The new wave of IT virtualization is certainly driving huge growth for VMware, which has added 1,500 employees so far in 2010. But the important thing to realize is that this is not just a boom for a few companies, says VMware COO Tod Nielsen. “This is an opportunity for everyone at all levels of the stack and for all of our 25,000 customers.”
Interviewed by Wikibon Cofounder http://wikibon.org/wiki/v/David_Vellante_member_spotlight Wikibon cofounder David Vellante] and SiliconAngle CEO John Furrier on SiliconAngle.tv from VMworld 2010, Nielsen said that the first rule that VMware senior management always keeps in mind is that they are only part of the picture. “The value has to be shared by the whole ecosystem. Making it possible for everybody to add value at every layer of the stack is important.”
Transparency is an important part of that third-party support. VMware needs to keep all the contributors in the stack in the loop of its development direction. While it keeps key parts of its technology proprietary, he says, “I see a big difference between proprietary and secret”. VMware enforces a policy of keeping its technology partners informed of what is in the development pipeline and puts a great deal of effort into developing good, well documented public interfaces, and of releasing those to the development community ahead of time to allow technology partners to develop their products and services in parallel with VMware.
“We don’t want any surprises in the community,” he said. He contrasted that to Apple Computer, which keeps everything secret until it is released, creating constant surprises for third-party developers.
Part of what VMware needs to communicate, both to the developer community and to customers, is its vision. “Virtualization is a cornerstone of what the cloud era will provide,” Nielsen said. “Customers always want services that are easy to use and meet their needs. We are among a few companies with a vision for IT to deliver on those desires.”
The second rule is always to be open to learning from partners, customers, and the market. One good example, he said, is in the licensing model. “We were licensing by the physical server and were very happy with that. But the big cloud service providers wanted us to license on a per virtual machine consumption model to better fit their business needs.
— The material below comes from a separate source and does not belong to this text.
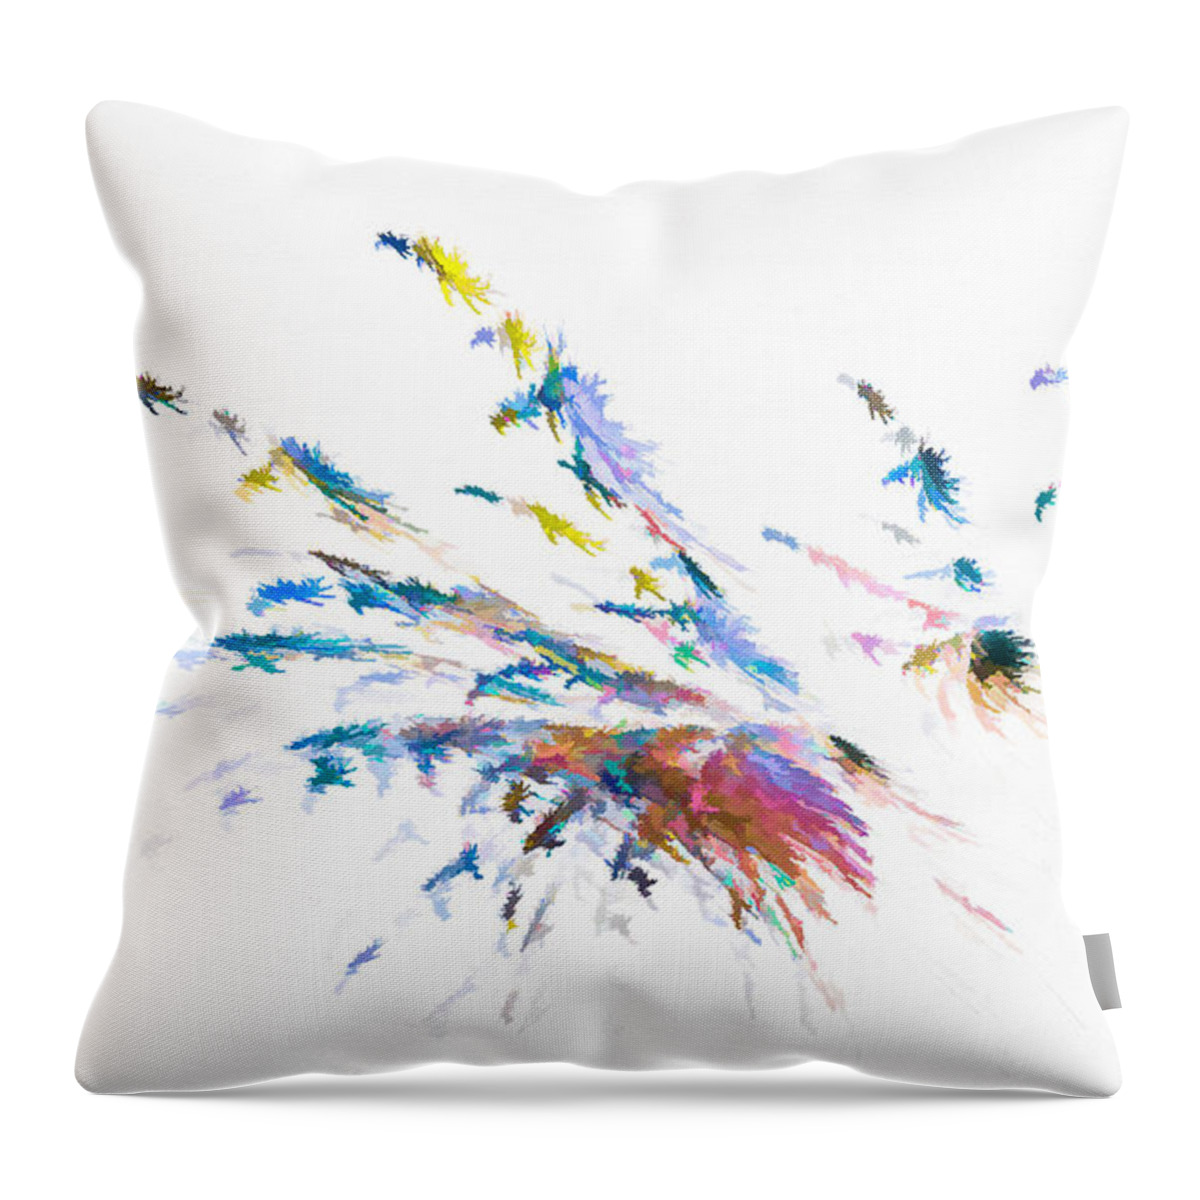 Splatter Throw Pillow featuring the digital art Splatter Fan Blue by Don Northup

We were able to do that.”
The opportunity today is huge, he said, citing the annual Gartner CIO Survey as one indicator of just how fast the virtualization/cloud wave is growing. “In last year’s Gartner CIO survey, cloud computing was number 14 on the list of things CIOs were concerned about. It might as well have been number 100. This year it is number 2. So in a year it went from ‘yeah, whatever’ to ‘Oh My God!’”
But, he emphasized, VMware is in the virtualization business for the long haul. “These are good times, and we are enjoying them. But this era is going to take 10 years to build out. It is very deep computer science, and we have a lead in that and aren’t going to stop.”
Action Item: Virtualization, cloud computing, and mobile computing are combining to drive a revolution in IT that will be more profound than even the PC revolution of the 1980s. This is a new generation of the technology, abstracted above the hardware and operating system levels. Very few of the IT VPs of the first wave survived the advent of the second wave with the IBM 360 mainframes of the 1960s. Whole companies, including Digital Equipment Corp., Data General, and Prime Computer, drown in the third wave, the PC revolution of the 1980s. Today we are facing a new wave, driven on the one side by increasingly powerful technology that has allowed a new level of platform abstraction and on the other by a complete refocus on the consumer marketplace as the driving force behind computing inside business as well as in the market. For those of us inside the industry, the message is surf this new wave or be left behind.